# Source material
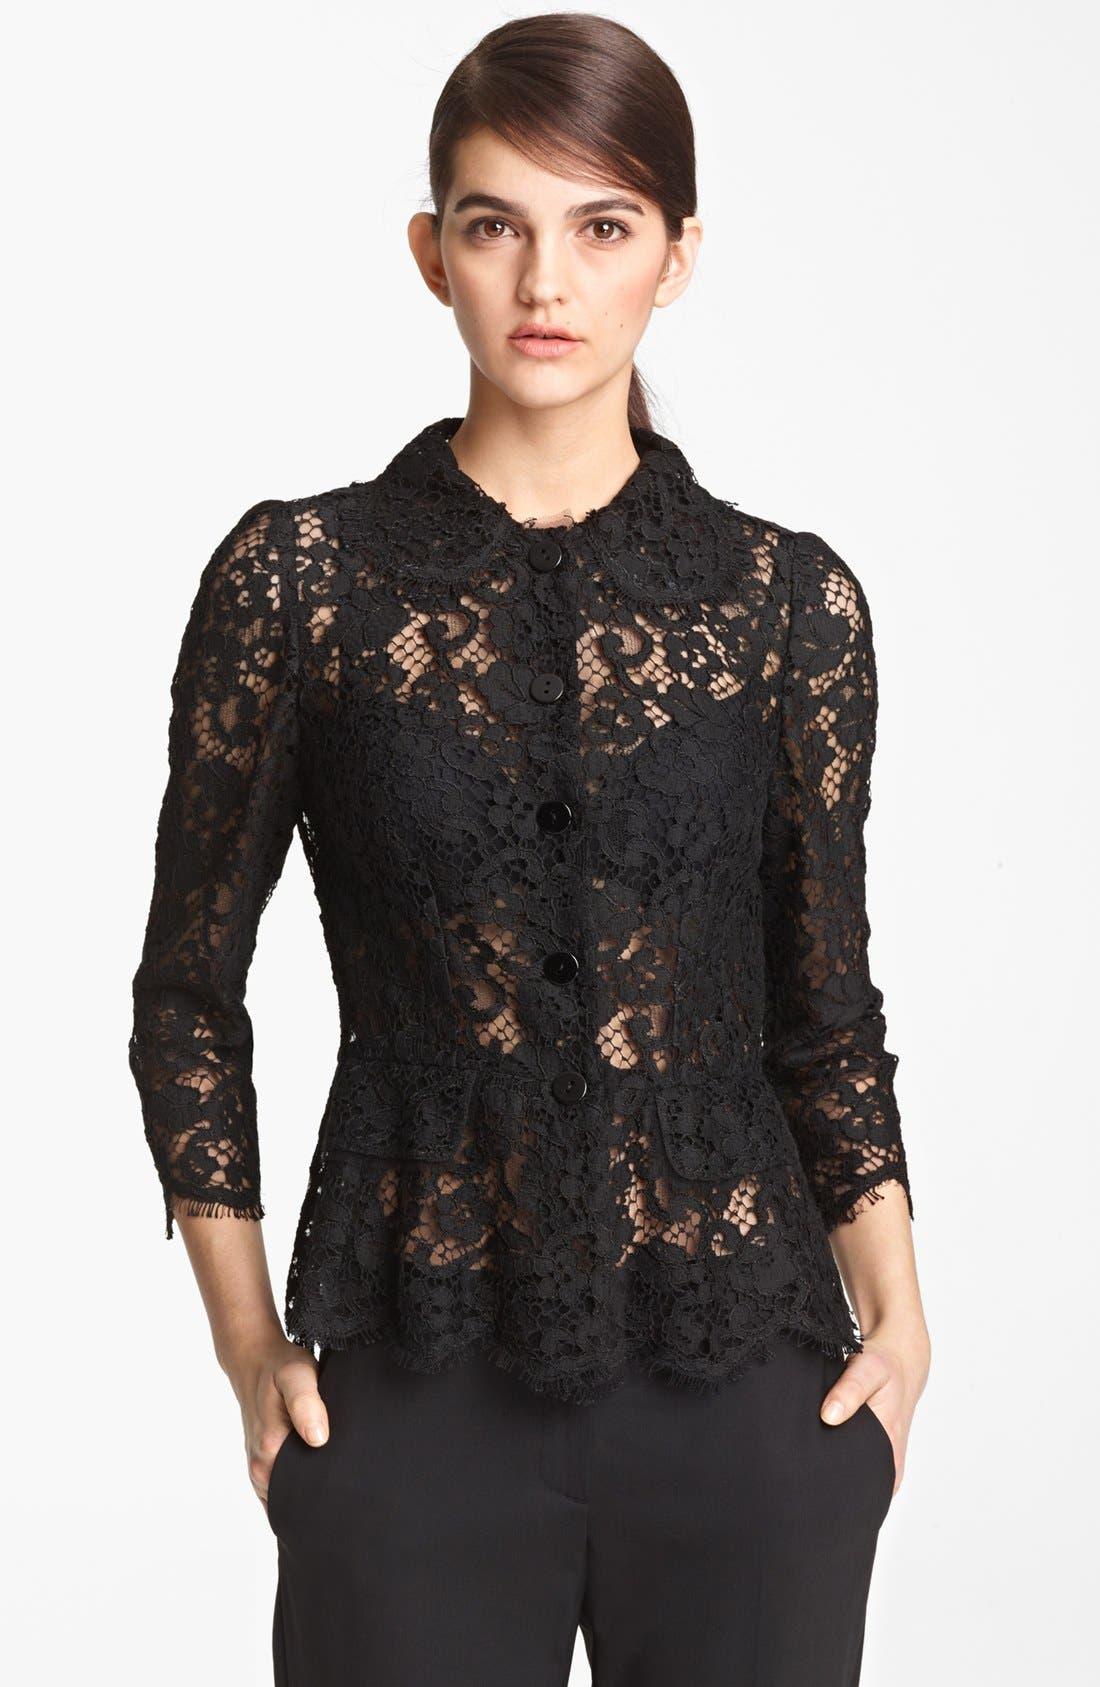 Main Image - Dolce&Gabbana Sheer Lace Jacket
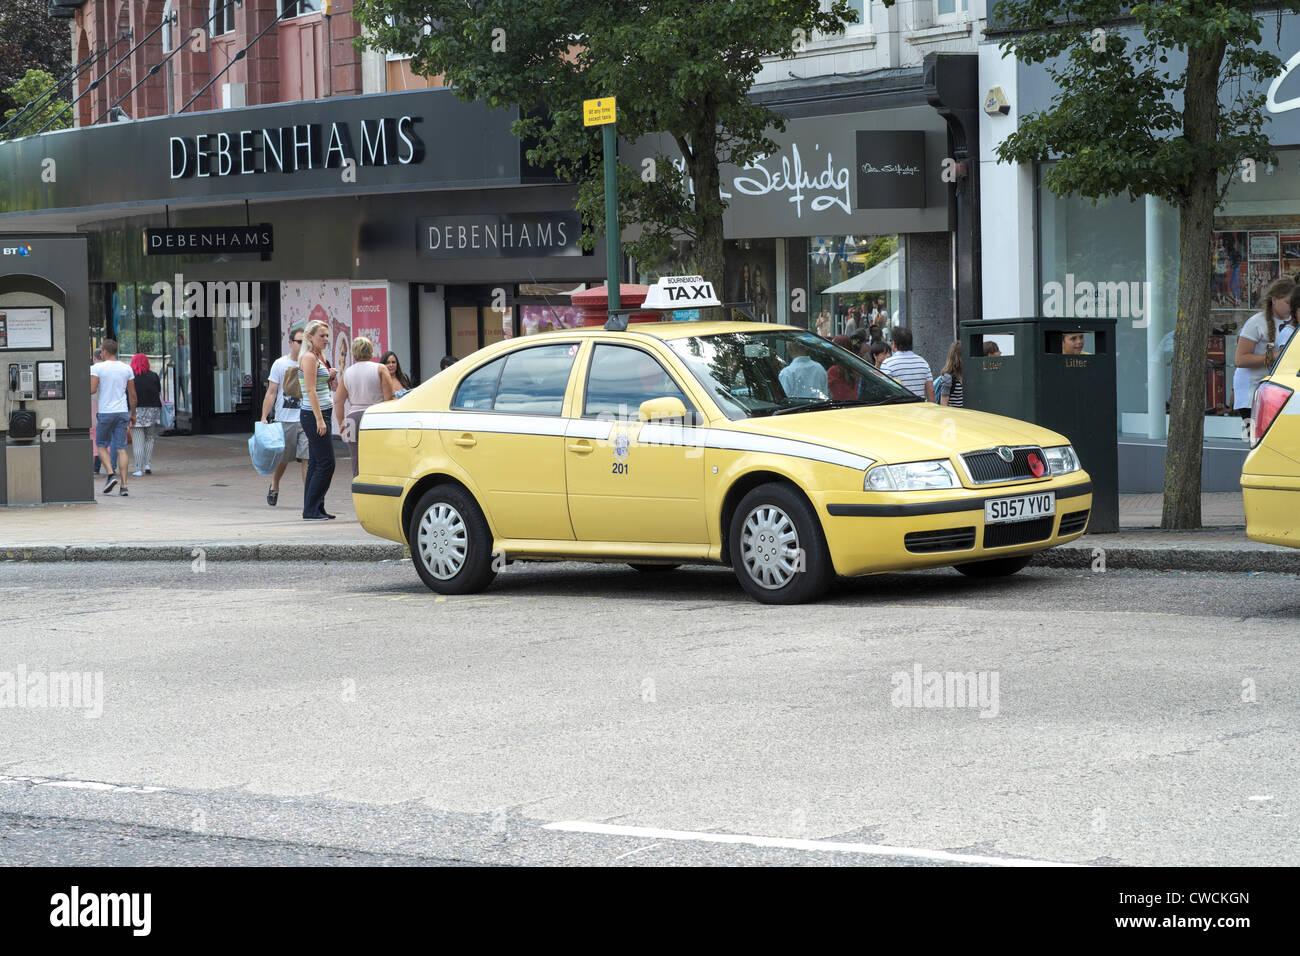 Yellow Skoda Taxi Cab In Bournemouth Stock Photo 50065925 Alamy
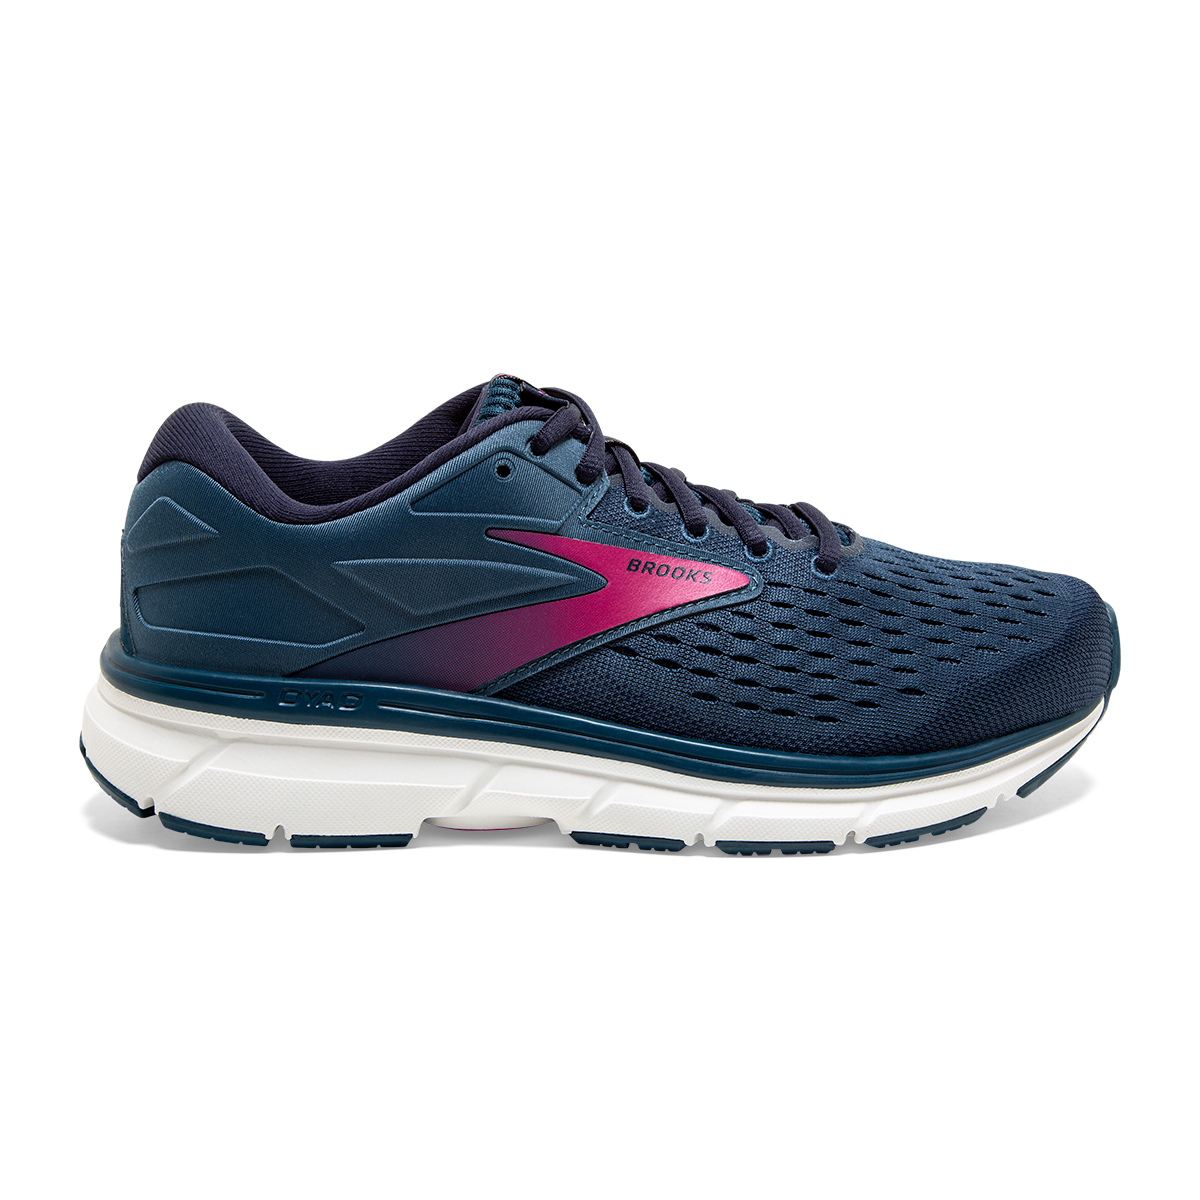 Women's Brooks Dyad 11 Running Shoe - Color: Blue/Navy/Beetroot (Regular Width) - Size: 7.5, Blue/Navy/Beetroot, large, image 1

# What to produce
When you write out the data, keep every line exact and drop the pictures.

# Finished task
 Main Image - Dolce&Gabbana Sheer Lace Jacket
 Yellow Skoda Taxi Cab In Bournemouth Stock Photo 50065925 Alamy
 Women's Brooks Dyad 11 Running Shoe - Color: Blue/Navy/Beetroot (Regular Width) - Size: 7.5, Blue/Navy/Beetroot, large, image 1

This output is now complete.